WHAT THE TASK ASKS » Give back the full listing, character for character, with no pictures.

AVAILABLE DATA »
[Start of Attachment]
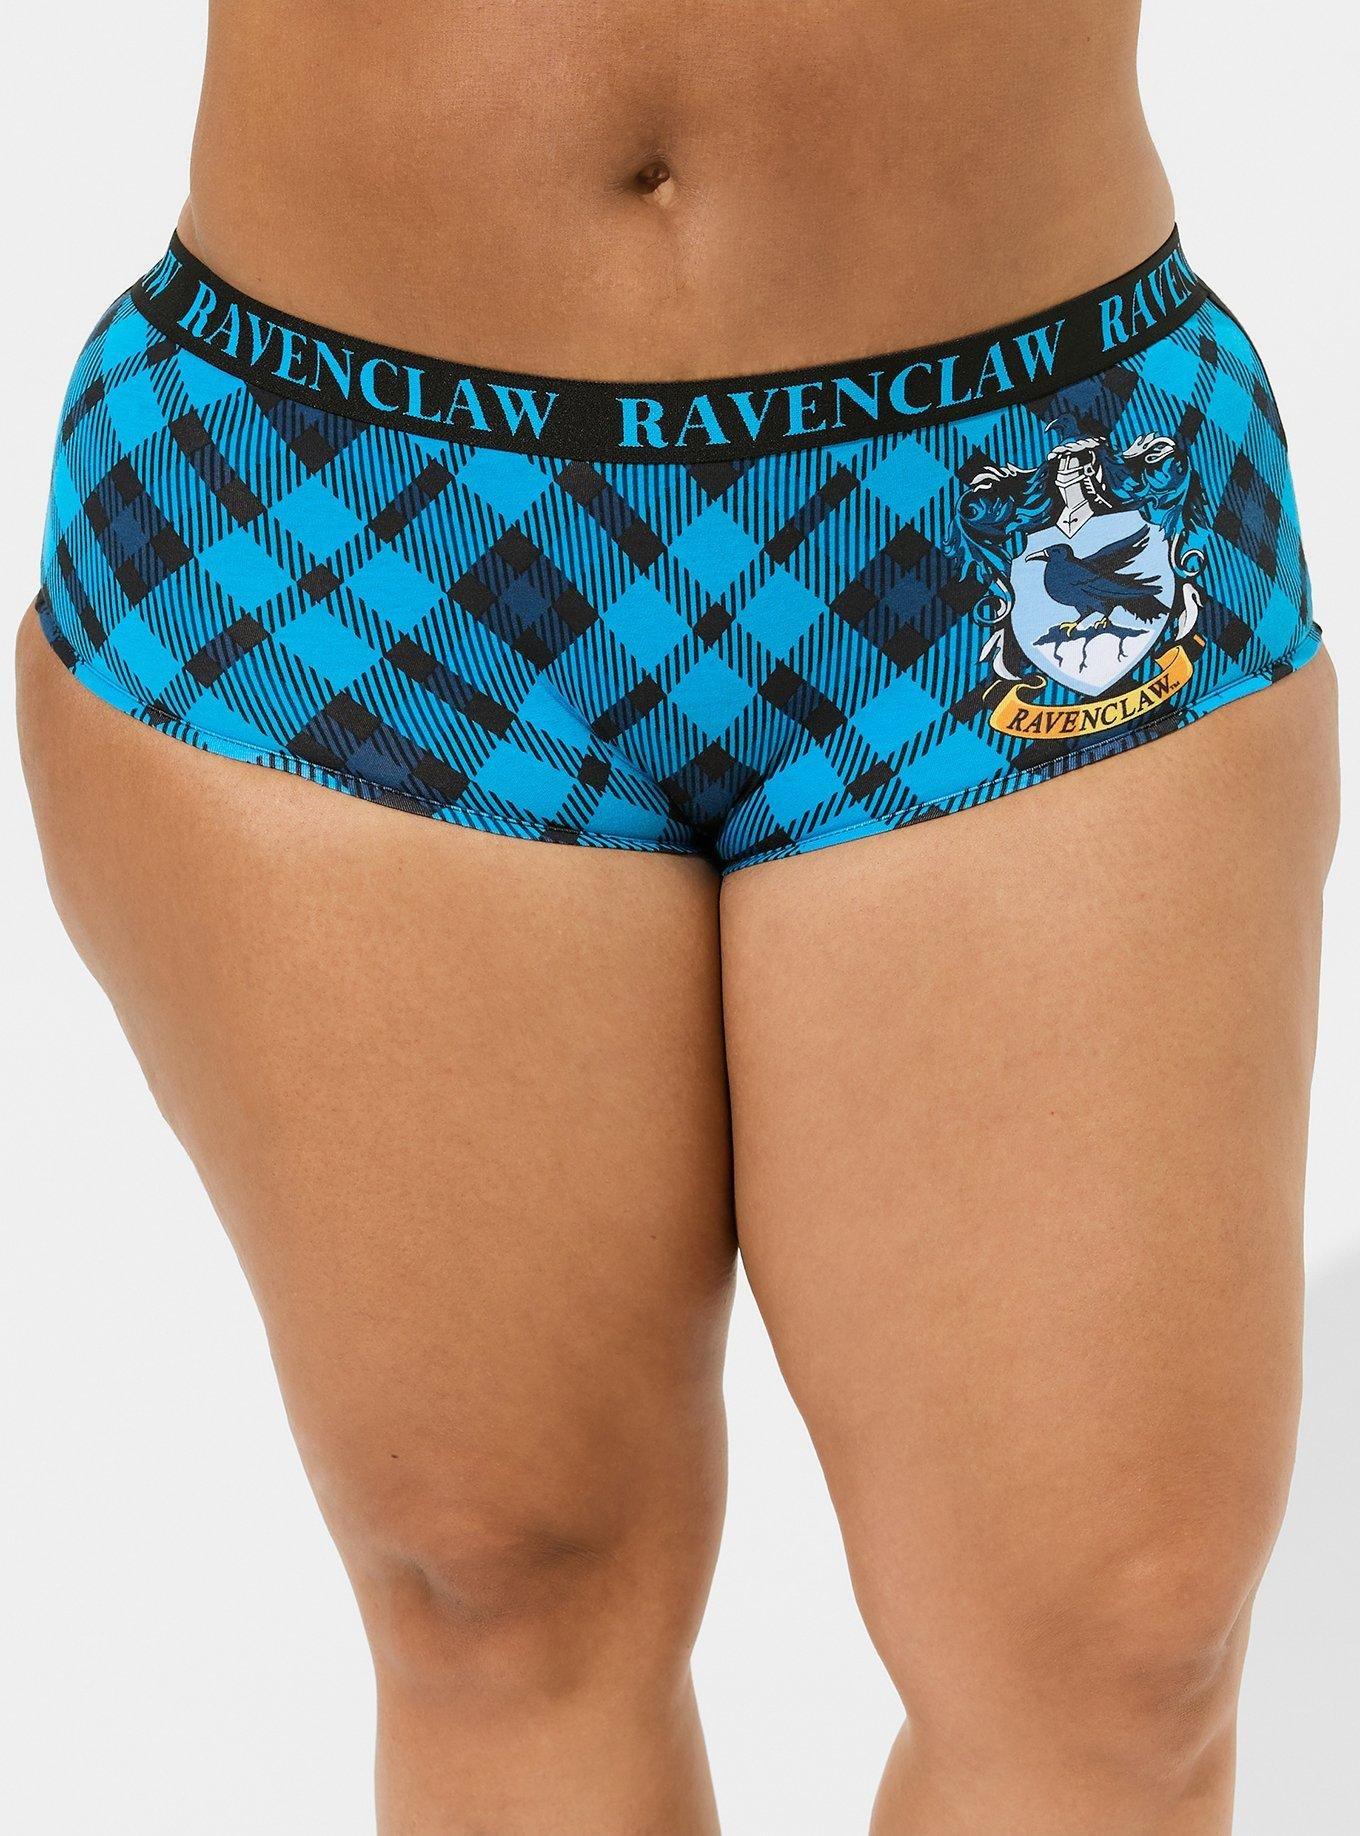 Plus Size - Harry Potter Ravenclaw Mid Rise Boyshort Panty - Torrid
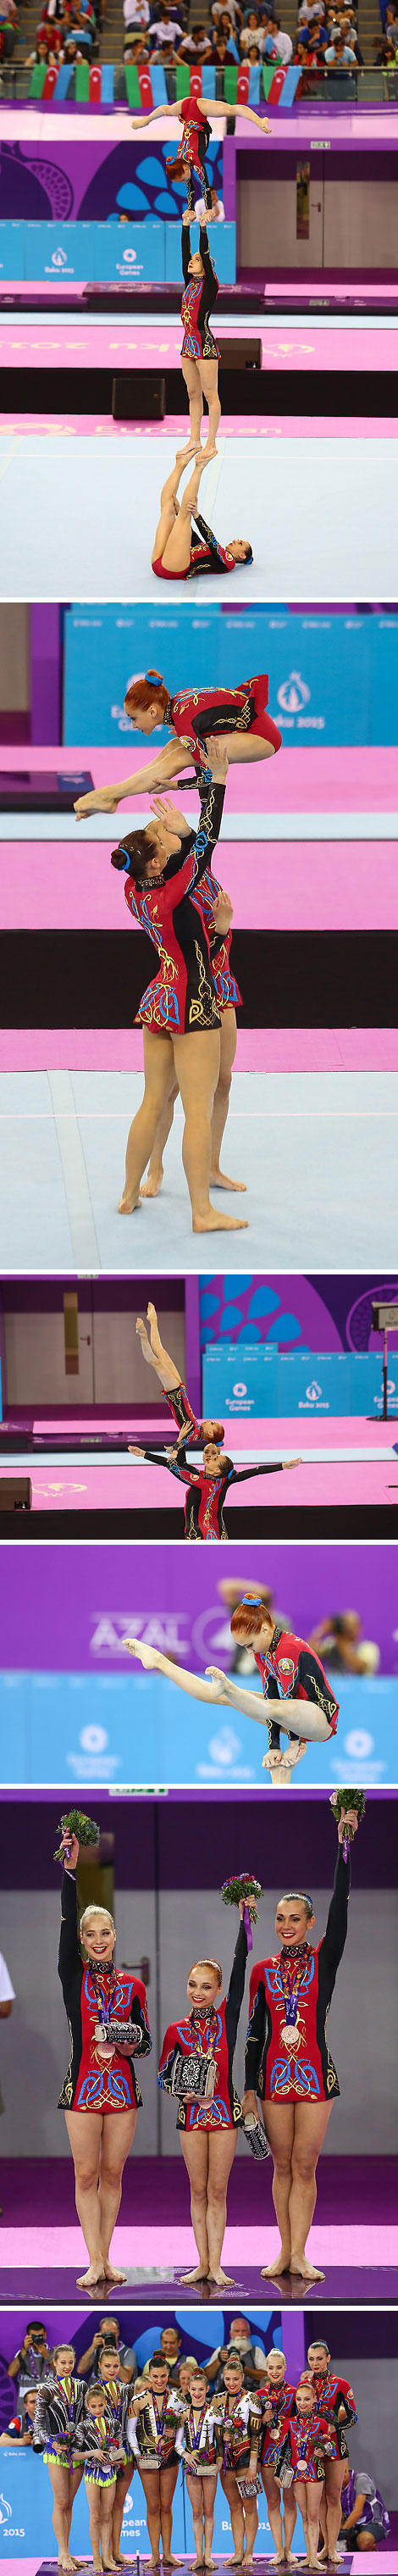 Belarus clinches acrobatic gymnastics bronze in Baku
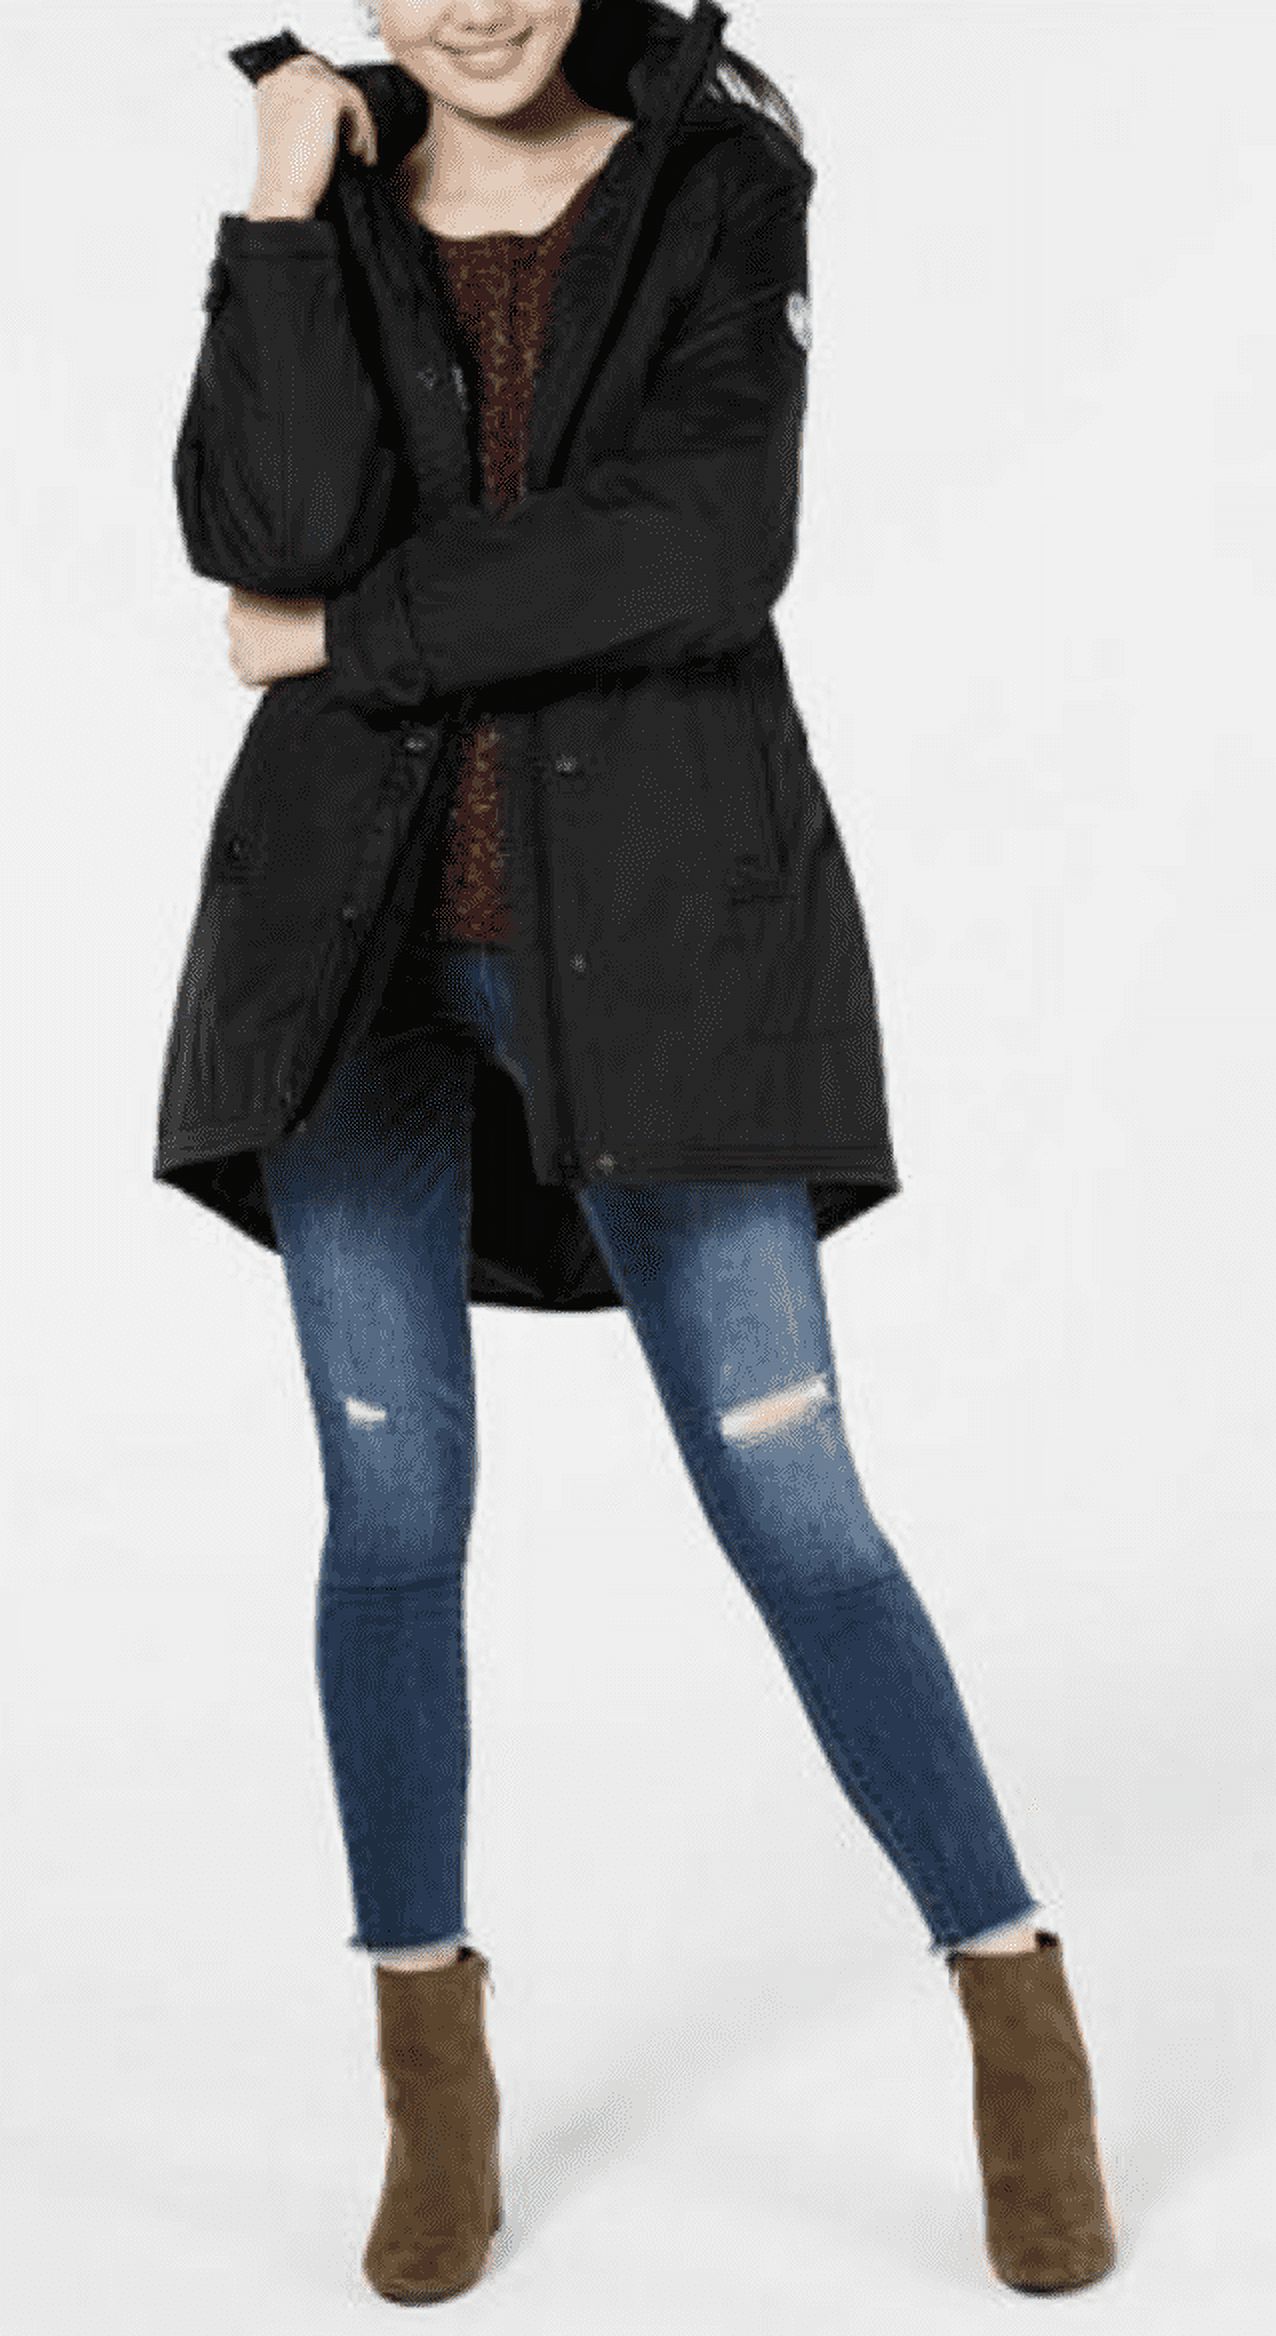 Madden Girl Womens Juniors W Polyester Coat Black XS - image 3 of 4
[End of Attachment]
EXPECTED ANSWER »
 Plus Size - Harry Potter Ravenclaw Mid Rise Boyshort Panty - Torrid
 Belarus clinches acrobatic gymnastics bronze in Baku
 Madden Girl Womens Juniors W Polyester Coat Black XS - image 3 of 4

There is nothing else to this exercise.